Я решил, что, несмотря на неустойчивую погоду, буду хоть иногда выходить из дома. Не скажу, что мне так уж этого хочется. Светает поздно, а темнеет так рано, что я, увлекшись работой над переводом, часто не замечаю, что наступил вечер. Я закопался в книги, их отыскали по моей просьбе, хоть и не сразу. Теперь я сравниваю изображения и описания, которые нахожу на страницах фолиантов, с собственными сегодняшними впечатлениями. Таков один из моих недостатков, Юлия, им часто страдают те, кто пытается создать нечто надежное из такого хрупкого материала, как память.
Я действительно каждый день ненадолго выхожу из дома, но лишь для того, чтобы попасть в другие интерьеры. Видите ли, Юлия, я посещаю самые разные места, смотрю на вещи, которые Вы храните, и мне кажется, что многие из них, уж простите, в действительности никогда не существовали. Все дело в цветах, в сомнительной свежести и слишком аккуратной упаковке. У Вас никогда не возникало чувства, что в Санкт-Петербурге много иллюзорного? В этом городе было столько пожаров, революций, разрушений, войн и несчастий, что он просто не может являть взглядам людей благородную па́тину времени. Я приехал из мирной страны, где давно забыли названия даже тех немногих битв, что имели место на ее территории, и потому способен почувствовать разницу.
Я посещаю квартиры Ваших великих писателей – Вы очень ими гордитесь – и всякий раз ухожу до невозможности опечаленным. Зачем все это? В чем нас хотят убедить? Что вот здесь все еще сидит призрак Александра Блока, там стоит Анна Ахматова, тут макает перо в чернильницу Достоевский, а неподалеку умирает на кожаном диване Пушкин? Да, на том самом диване, с которого в феврале 2009 года взяли образец крови. Зачем?
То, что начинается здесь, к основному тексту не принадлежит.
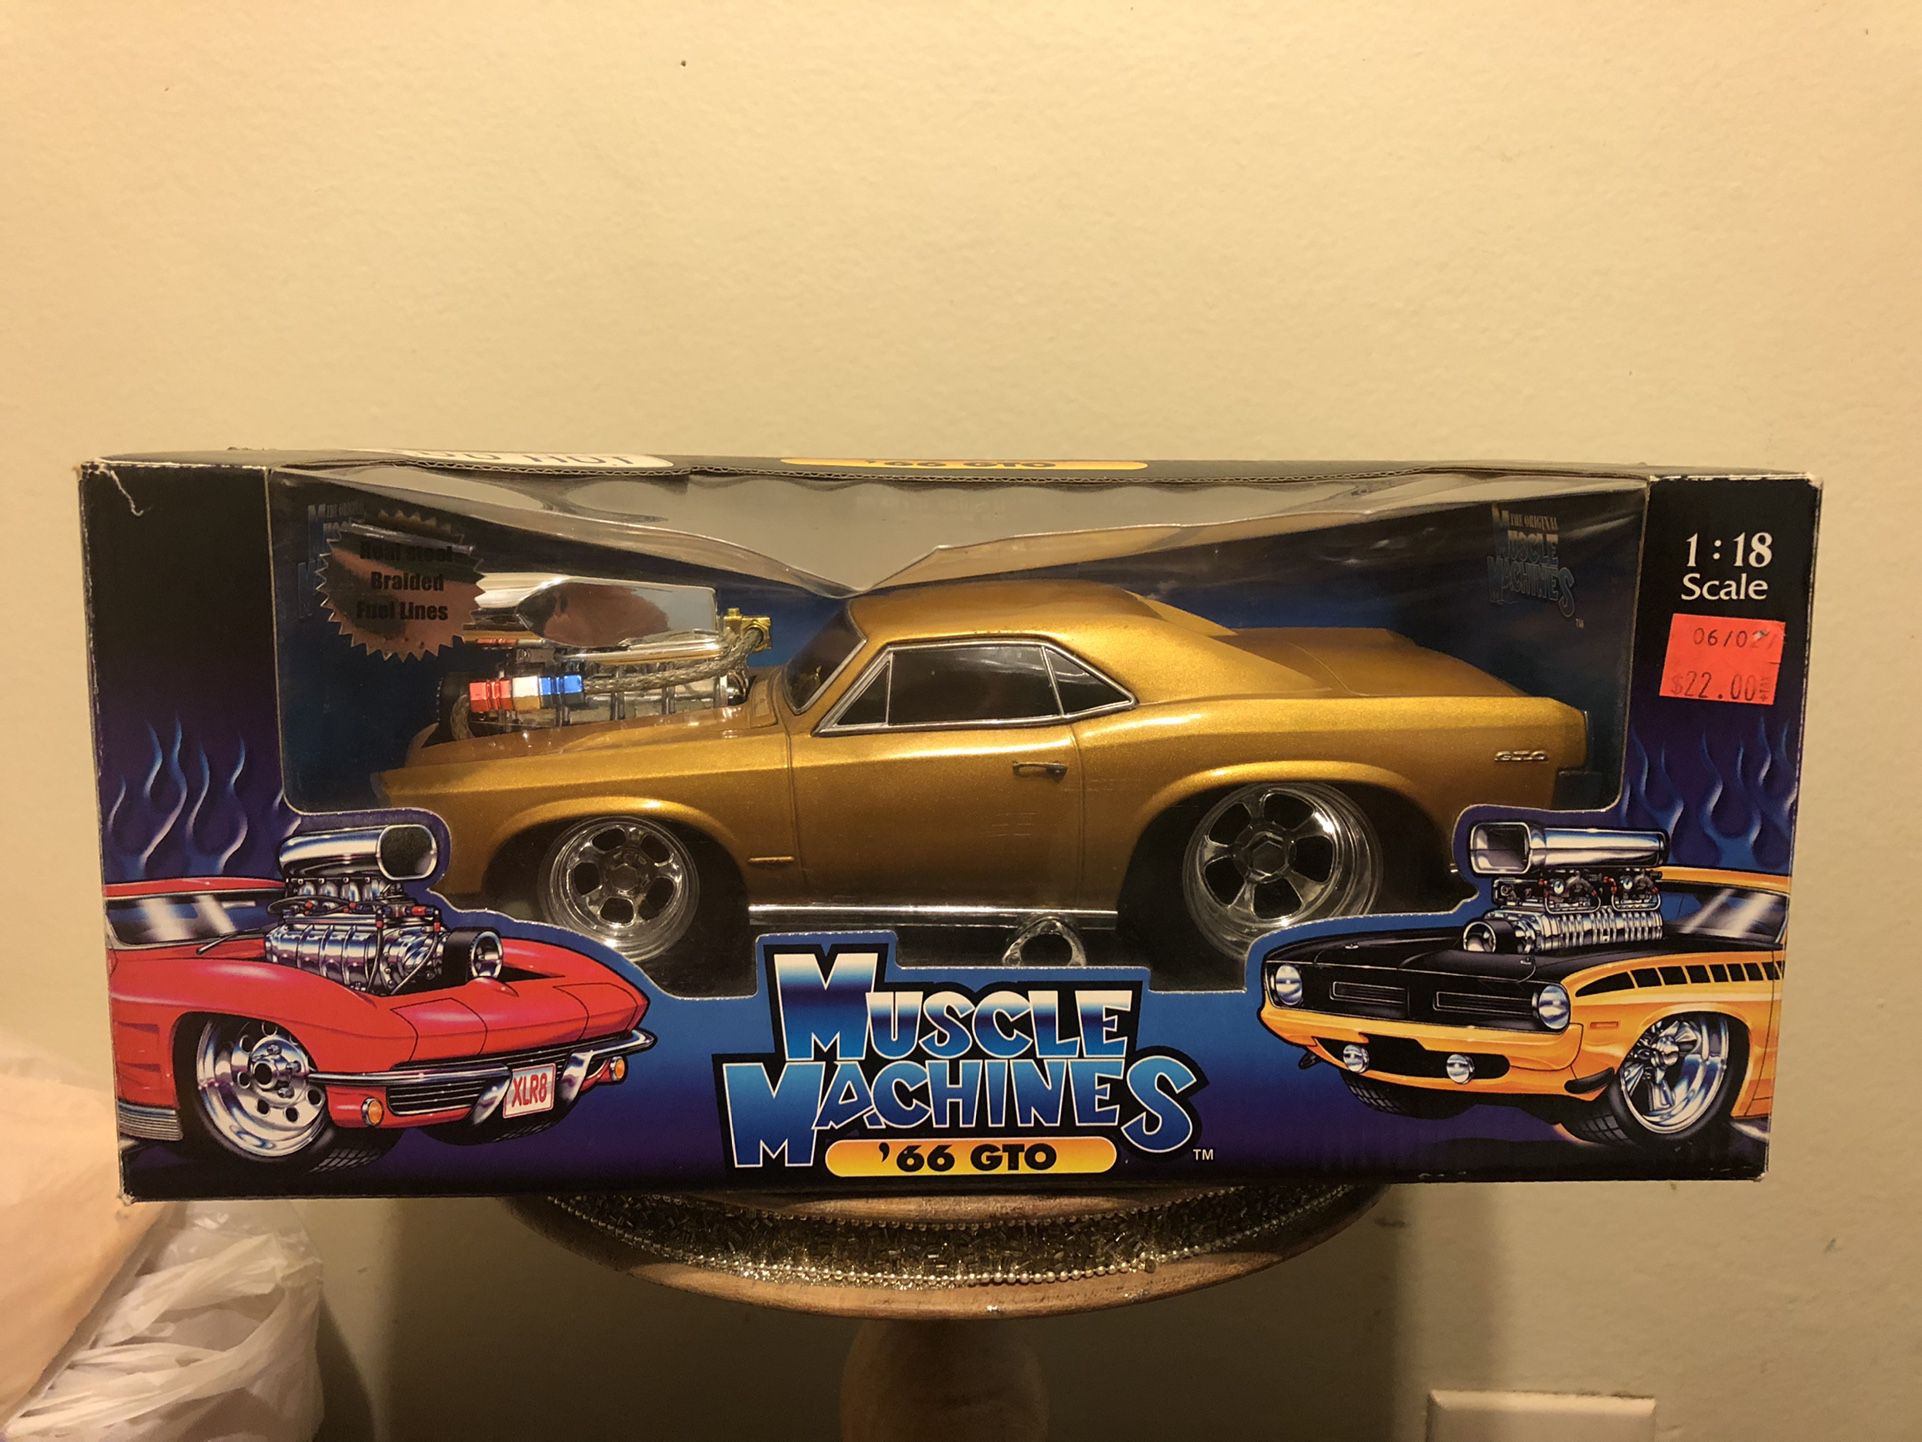 MUSCLE MACHINES 66 GTO 1:18 SCALE

Чтобы провести исследование новейшими научными методами и доказать, что экскурсоводы рассказывают ошеломленным посетителям чистую правду: Александр Сергеевич скончался от раны именно на этом диване. Идет поиск истины, Юлия, но какой? Что случалось с этим диваном, столовой, коврами, книжным шкафом и безделушками каждый раз, когда город-мученик впадал в безумие? Ленинградцы пережили девятьсот дней блокады, съели всех собак и кошек, сожгли всю мебель, до последнего стула, но к реликвиям не прикоснулись. Когда я вхожу в дома, где когда-то жили известные люди, я не ощущаю там их присутствия – ведь им даже не удавалось закрыть двери своих коммунальных квартир, а вижу лишь ледяной холод, который так вымораживал здания, только что умерших от лишений людей с почерневшими лицами, которых не всегда удавалось похоронить. Известно ли Вам, Юлия, что как только трупы начинали остывать, вши перебирались на живых? Блокадной зимой мороз сковывал не только природу, но и людей, и у них не было сил оплакать умерших. Где в этом ледяном аду был диван Пушкина? Кто умирал на кровавом пятне? Когда человек умирал, родные иногда несколько недель не выносили его из квартиры, чтобы получать хлеб по карточке. Как их звали? Что они читали? Каких писателей сожгли первыми? Ленинградцы гибли от голода. Падали замертво на улице, и редкие прохожие обшаривали их карманы, если хватало сил наклониться.